I'm waiting for a Belgian Malinios, Dutch Shepherd, and now thanks to Nancy a Texas Blue Lacey in the hands of a first time dog owner.
 
Oh, and lives in an urban sprawl rowhouse/condo with not even a balcony as a yard on the third floor.....


----------



## llombardo (Dec 11, 2011)

My dog loves her stuffed toys. She plays nicely with them and she doesn't eat the cats or anything else in the house. She has been out of her cage completely since she was about 6 months. Never had any issues


----------



## SewSleepy (Sep 4, 2012)

sashadog said:


> Just like with stuffed toys it's all about giving them an appropriate outlet for a natural behavior.


Everyone has some really good points but I really like this-it makes alot of sense. 

Seven is 6 mos and has been with us for 4. I was already thinking that the chance of her confusing a cat (we have 2) and a toy was probably diminished since she's already had the exposure to ours. Since she's been snagging my daughter's stuffed animals despite not ever having stuffies of her own I was also thinking that the connection I thought was there may not be. 

Looks like we may be having a field trip to the pet store later this week. Thanks everyone!





Sent from my iPhone using PG Free


----------



## Capone22 (Sep 16, 2012)

A dog is too smart to confuse a stuffed animal with a live animal. Both my dogs have played with stuffed animals I've given them. It always gets shredded and dr stuffed. But the older leaves my daughters stuffed animals alone. It's just a matter of teaching rules, IMO. You can chew up this stuffed toy I'm giving you, leave the others alone. Just like any other toy. And my dog would never chase or kill a small animal. He acts scared of them. 

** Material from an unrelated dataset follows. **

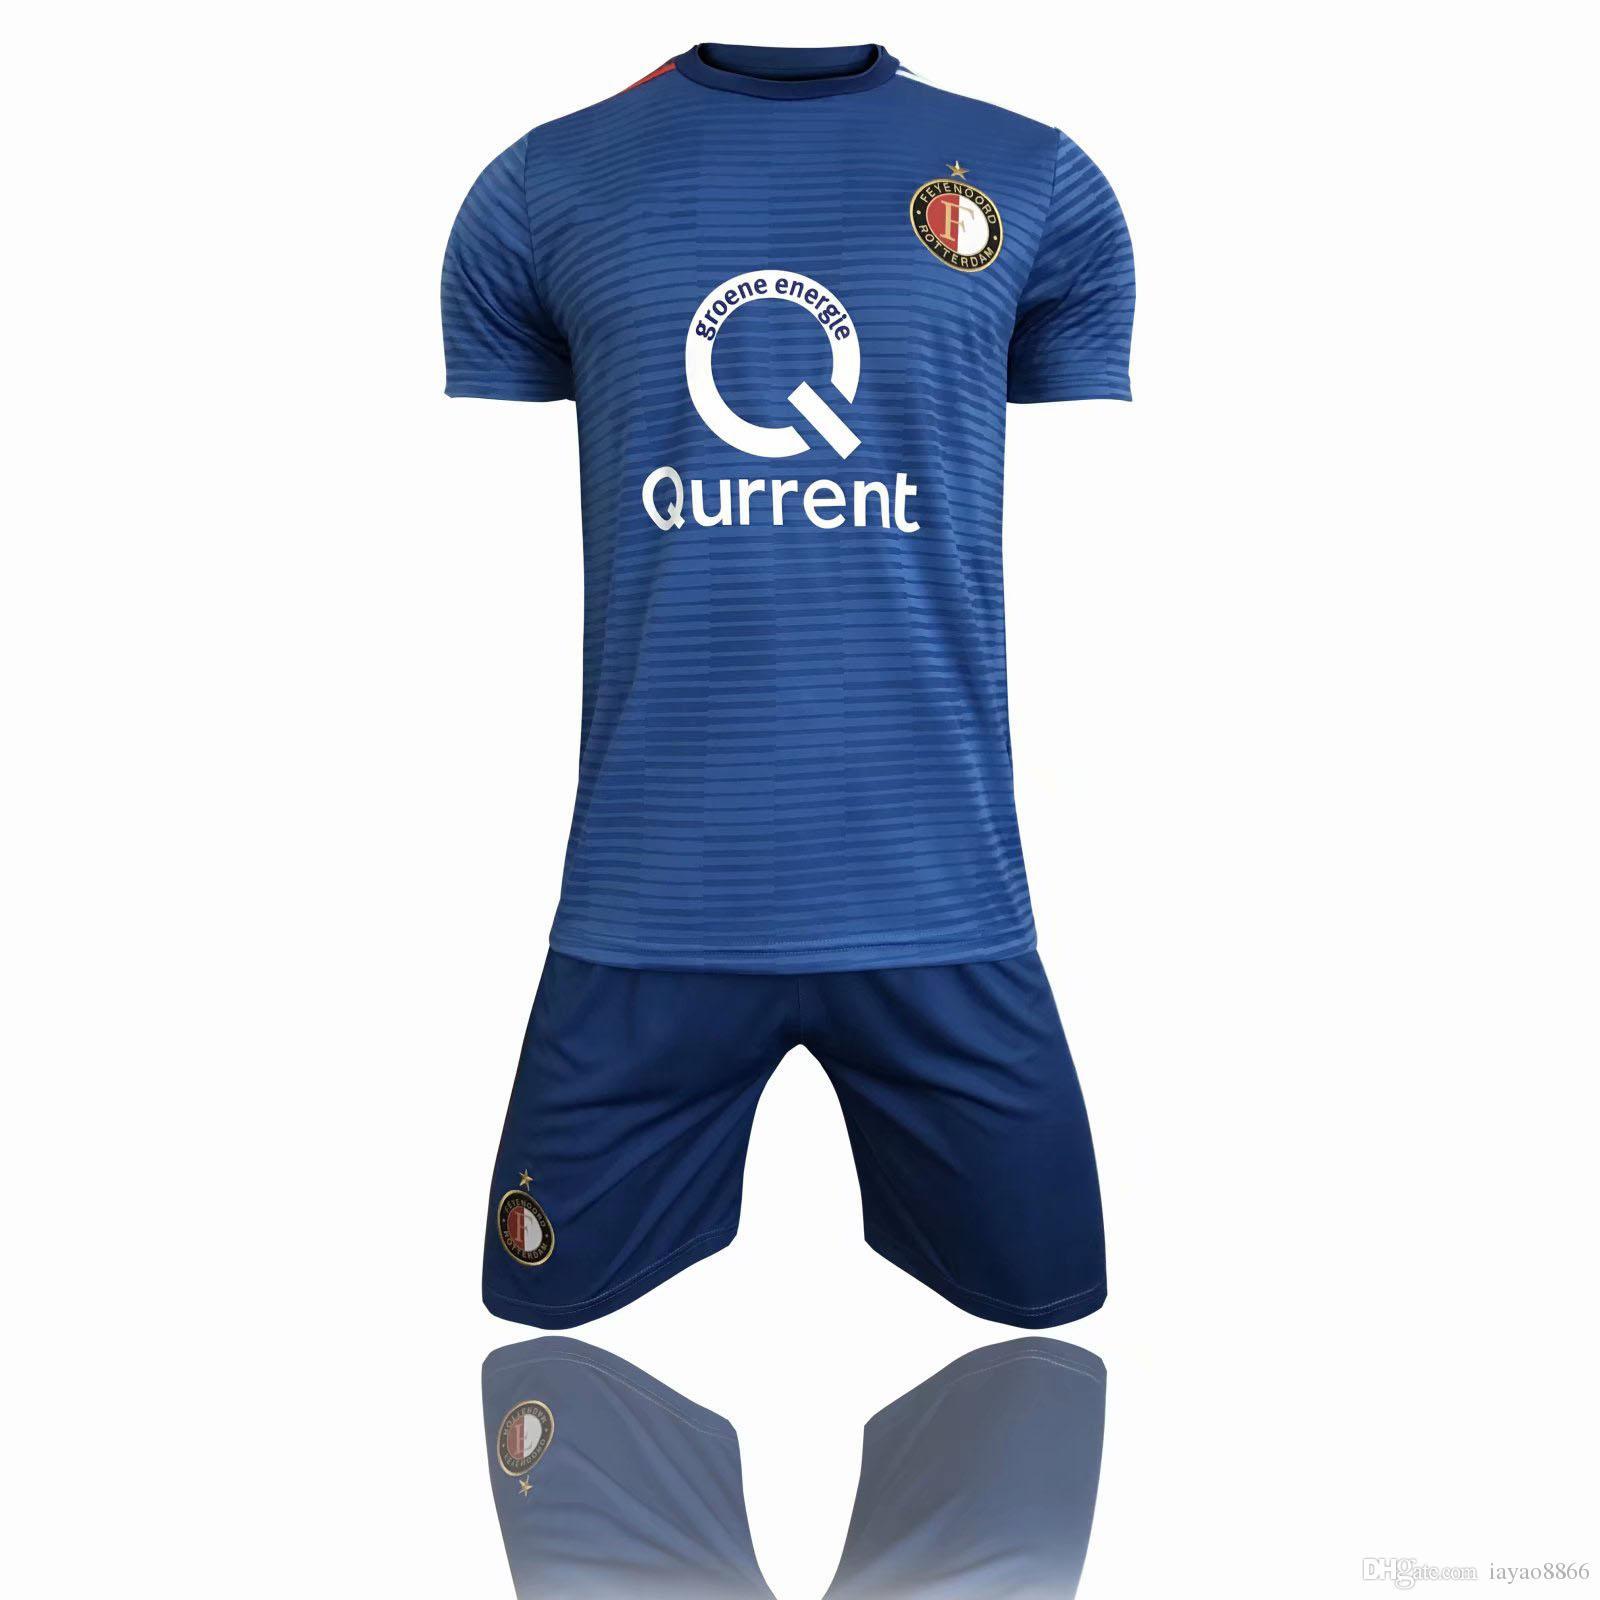 2019 2018 19 Feyenoord Home Away Thai Quality Soccer Jerseys Shirts Set 11  LARSSON 32 V.PERSIE 19 BERGHUIS 10 VILHENA 9 JORGENSEN Football Shirt From  ... 3c1a1dd31

Sent from my iPhone using PG Free


----------



## stealthq (May 1, 2011)

I could understand some confusion the first time being around a small animal if the dog had stuffed squeaky toys. Isn't that where training is supposed to step in, though? You don't allow the dog to chase/catch the small animal but you do the toy. Dogs will figure out the difference.


----------



## kiya (May 3, 2010)

Even though Lakota has a very high prey drive, she can resist small critters, at least while I am around. Several times we've come across frogs, turtles and she will "leave it". Just the other day I heard a loud bang on a window. I ran out back and saw that a bird crashed into the glass door. The bird was clearly knocked out and was laying there with Lakota looming over it. I'm kind of funny about touching things with my bare hands so I quickly went inside and grabbed a towel. Lakota could have taken the bird but she didn't. It took a while but the little bird recovered and flew away.
I also keep a bunch of stuffed animals on my night stand. Lakota loves to lay on the bed and of course when she was a puppy she couldn't resist them. It didn't take much for her to get the idea they were off limits.


----------



## vicky2200 (Oct 29, 2010)

All of our dogs have stuffed animals at all times. They love them and it keeps them from being interested in tearing up our furniture. I got a toy poodle puppy in February who was 4lbs at the time. He was about the size of a stuffed animal and at first I was worried they may hurt him, simply because he is small, not because of the animals. They do great! Daisy loves playing with him. Mostly I have to worry about her pawing him to death because she likes to smack him with her paw. And let me tell you her prey drive is HIGH. She finds squirrels in trees while we are walking. They are way above us not making a noise, but she sees them and stares them down.


----------



## doggiedad (Dec 2, 2007)

a stuffie for a German Shepherd.


----------



## Freestep (May 1, 2011)

CarrieJ said:


> I lean toward (with small puppies) to avoid squeaky toys. I believe it does reward prey drive. But, then again; I work in loose pack environments so I see what happens when a dog for whatever reason squeals.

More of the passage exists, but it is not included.